# SOURCE MATERIAL
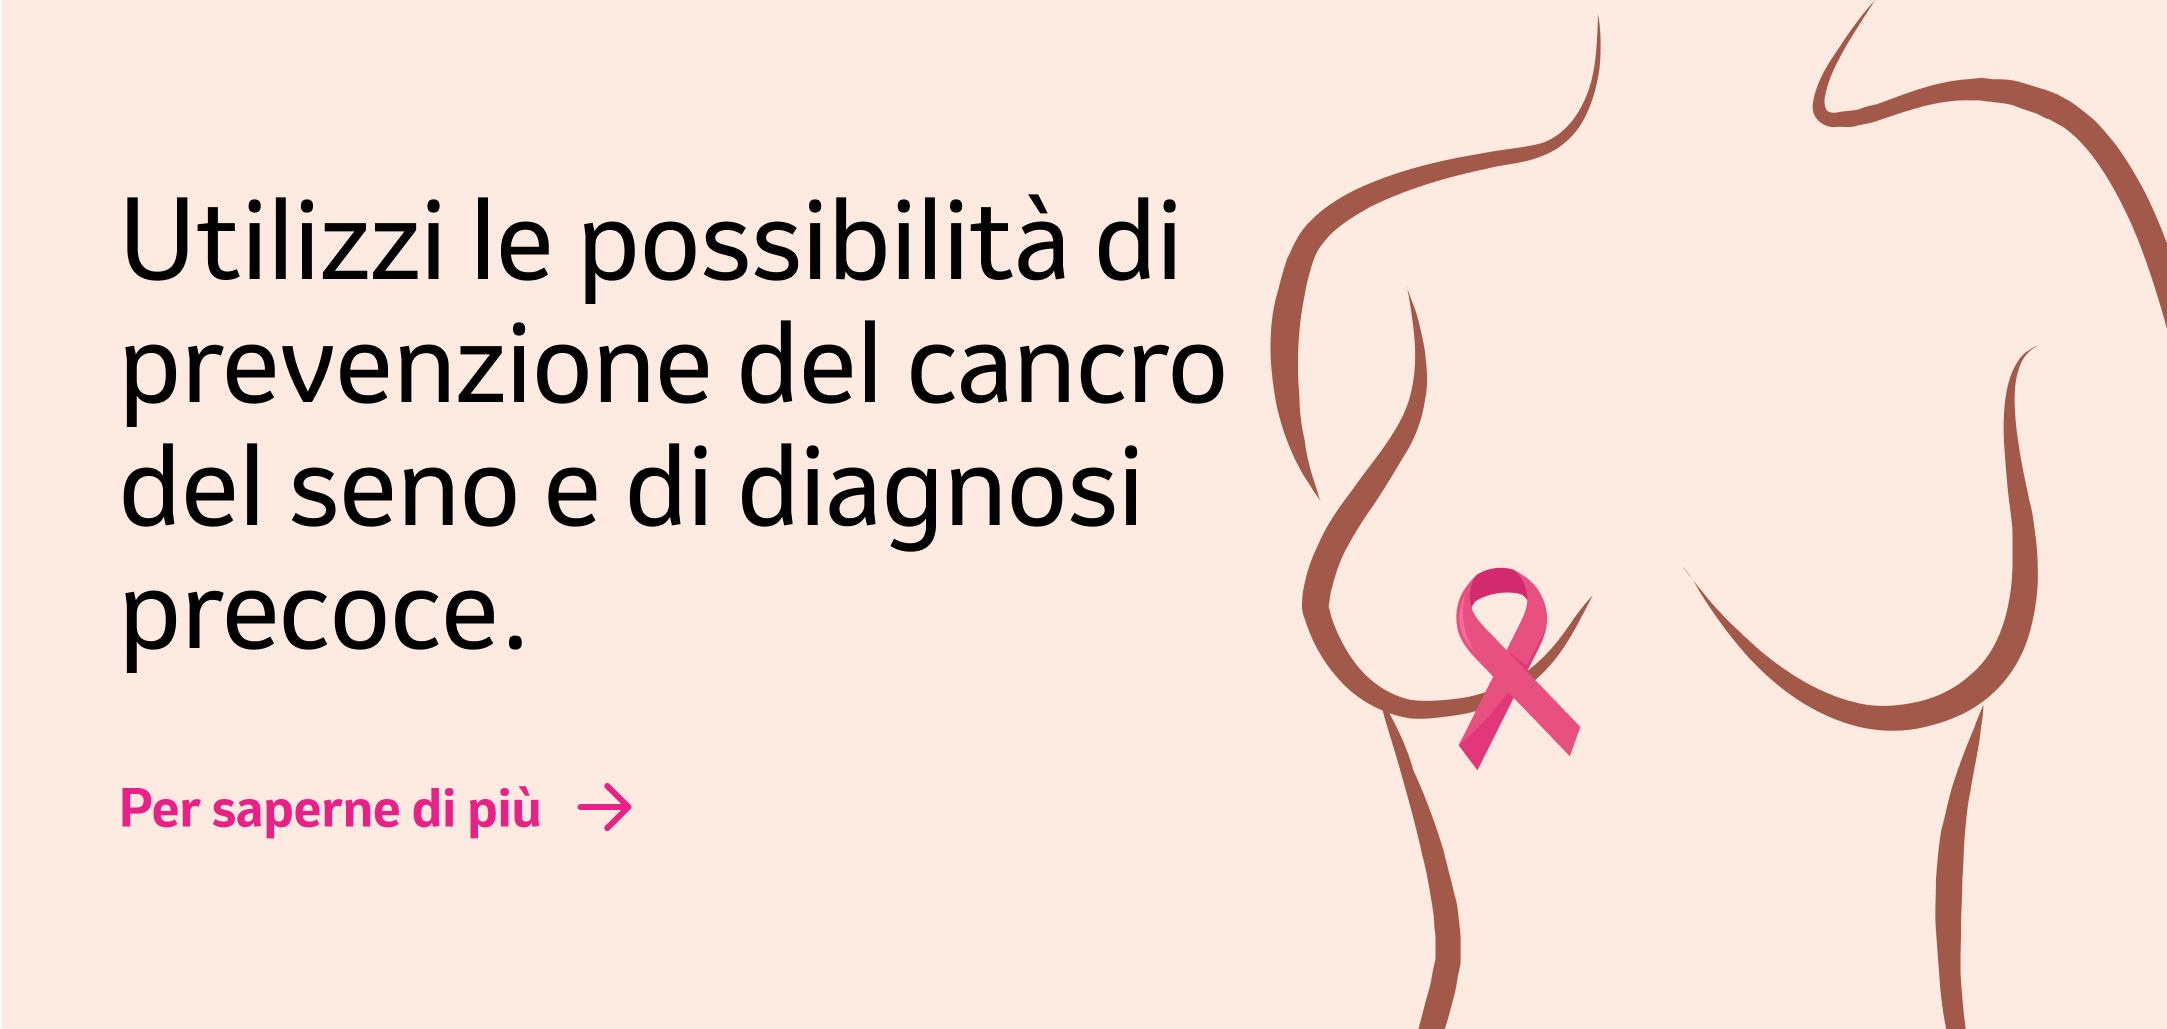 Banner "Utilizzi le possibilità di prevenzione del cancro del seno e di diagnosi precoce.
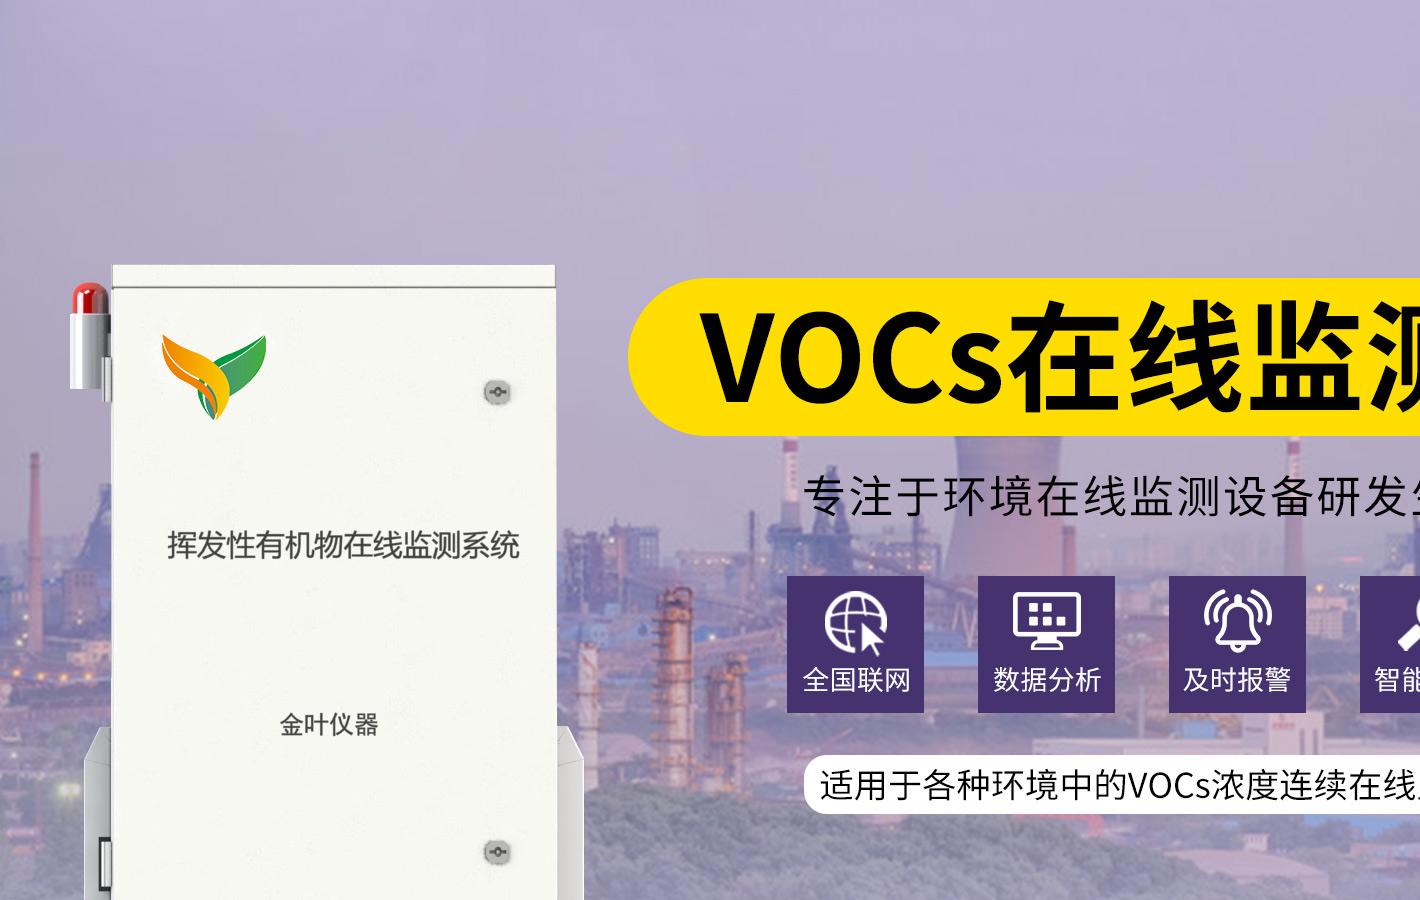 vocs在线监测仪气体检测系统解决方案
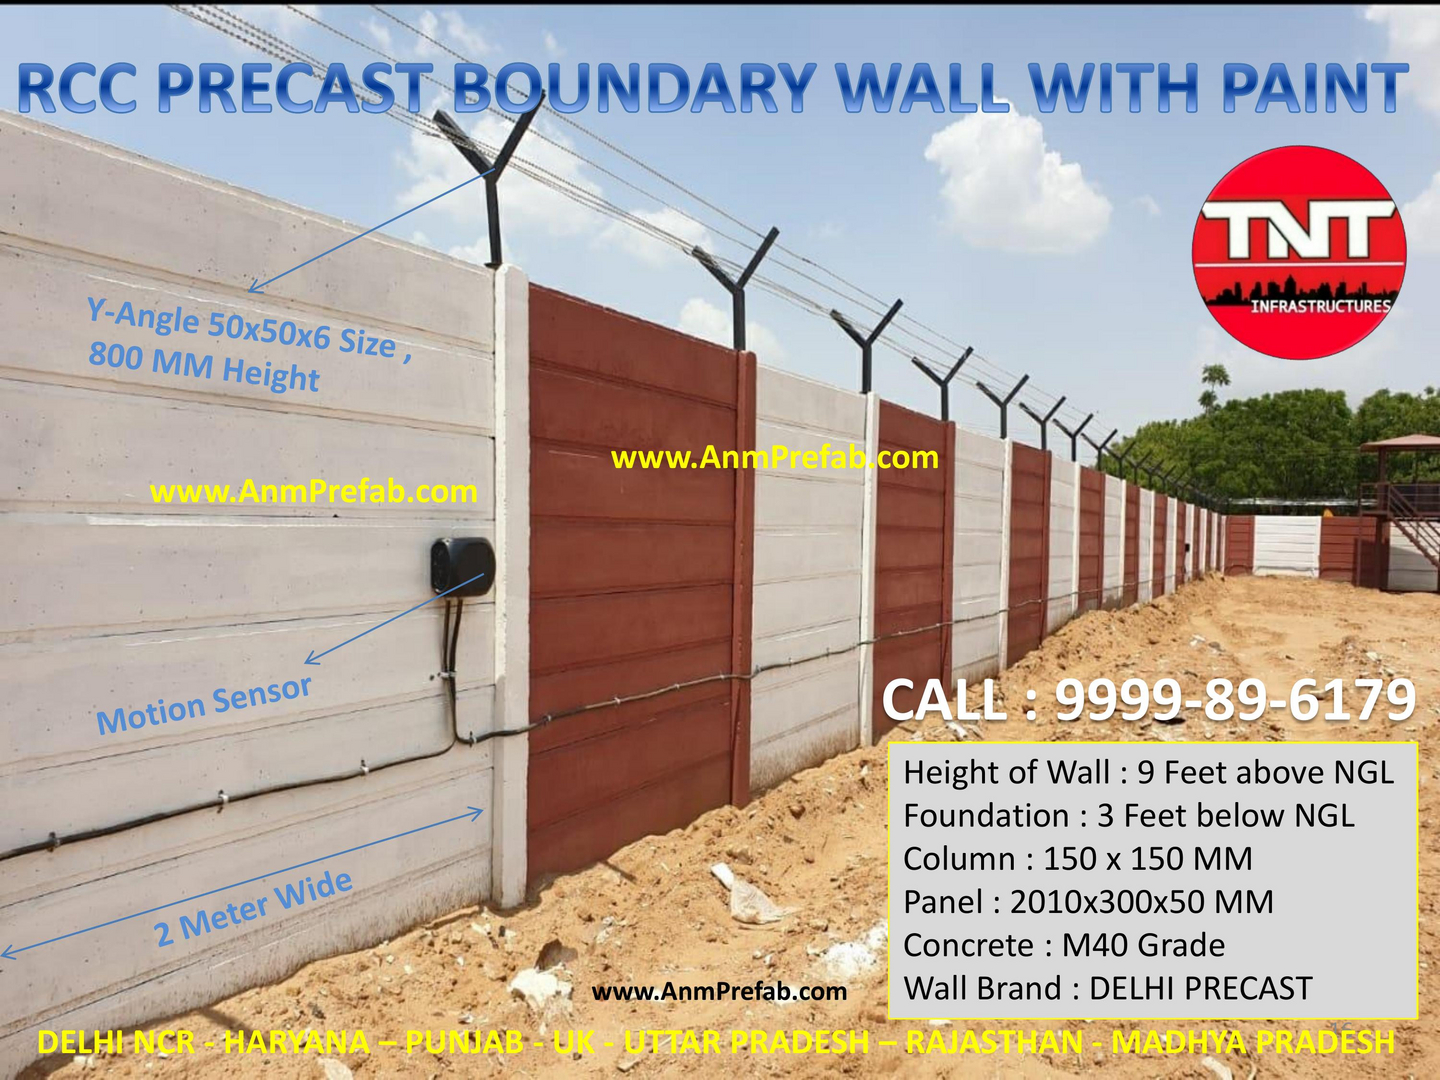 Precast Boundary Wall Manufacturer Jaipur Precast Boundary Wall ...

# PROBLEM TO WORK ON
Please write out, exactly, every line from the line with "vocs在线监测仪气体检测系统解决方案" through the final line of the data above, leaving out pictures.

# ANSWER BOX
 vocs在线监测仪气体检测系统解决方案
 Precast Boundary Wall Manufacturer Jaipur Precast Boundary Wall ...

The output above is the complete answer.